Bayes is Out-Dated, and You’re Doing it Wrong

[-]RobertM3yModerator Comment75

Pinned by RobertM

This post, and many of @AnthonyRepetto's subsequent replies to comments on it, seem to be attacking a position that the named individuals don't hold, while stridently throwing out a bunch of weird accusations and deeply underspecified claims. "Bayes is persistently wrong" - about what, exactly?

Content like this should include specific, uncontroversial examples of all the claimed intellectual bankruptcy, and not include a bunch of random (and wrong) snipes.

I'm rate-limiting your ability to comment to once per day. You may consider this a warning; if the quality of your argumentation doesn't improve then you will no longer be welcome to post on the site.

[-]Vladimir_Nesov3y54

Content like this should include specific, uncontroversial examples of all the claimed intellectual bankruptcy

That's not the problem here and this is a bad general rule.

[-]RobertM3y20

That's definitely one of the problems with this post, and while rudeness is generally undesirable it's slightly more forgiveable when there's some evidence of the thing that "justifies" it.

[-]AnthonyRepetto3y-1-2

"Content like this should include specific, uncontroversial examples of all the claimed intellectual bankruptcy, and not include a bunch of random (and wrong) snipes."

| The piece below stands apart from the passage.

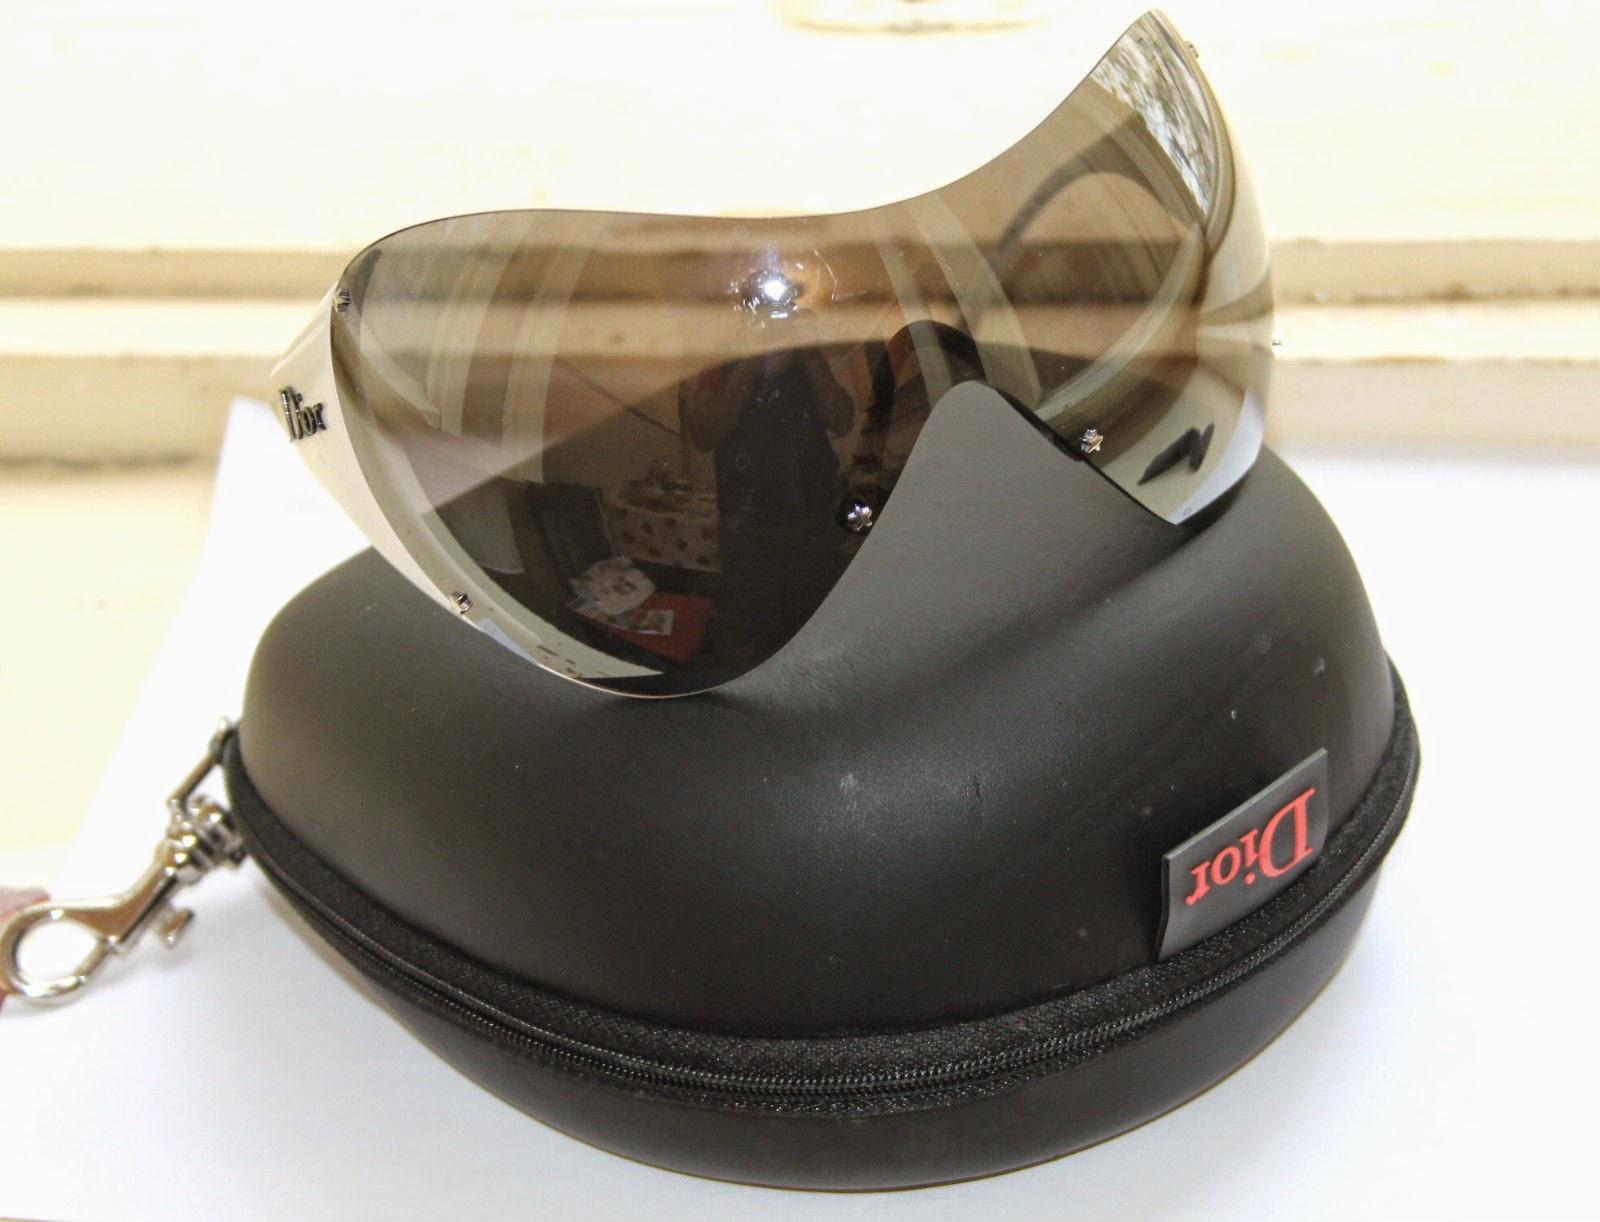 9c464cb458 secondhandsunglasses  Christian Dior Ski1 9A5 Sunglasses Sport Ski ...

I did in fact include empirical metrics of Dirichlet's superiority and how Bayes' Theorem fails in contrast: industry uses it, after they did their own tests, which is empiricism at work. I also showed how Dirichlet Process allows you to compute Confidence Intervals, while Bayes' Theorem is incapable of computing Confidence Intervals. I also explained how, due to the median of the likelihood function being closer to an equal distribution than Bayes would expect, Bayes is persistently biased toward whichever extrema might be observed in the sample. Thus, Bayes' Theorem will consistently mis-estimate; it's persistently wrong, and Dirichlet was developed as the necessary adjustment. So, I did give explicit reasons why Bayes' Theorem is inadequate compared to the modern, standard approach which has empirical backing in industry.

It seems like you want to rate-limit me for an unspecified duration? What are the empirical metrics for that rate-limit being removed? And, the fact that you claim I "didn't provide specific, uncontroversial examples," when I just showed you those specifics again here, implies that you either weren't reading everything very carefully, or you want to mischaracterize me to silence any opposition of your preferred technique: Bayes'-Theorem-by-itself.

[-]RobertM3y30

The missing examples are for claims of the form:

The Rationalists repeatedly rely upon sparse evidence, while claiming certainty

They have self-selected for a community of people who call Bayes the be-all-end-all, all of them agreeing they’re right, and they don’t know that they’re horribly wrong… because they don’t check!

...then you DON’T know the be-all-end-all statistical technique — and neither do Scott Alexander or Eliezer Yudkowski, as much as they’d like you to believe otherwise.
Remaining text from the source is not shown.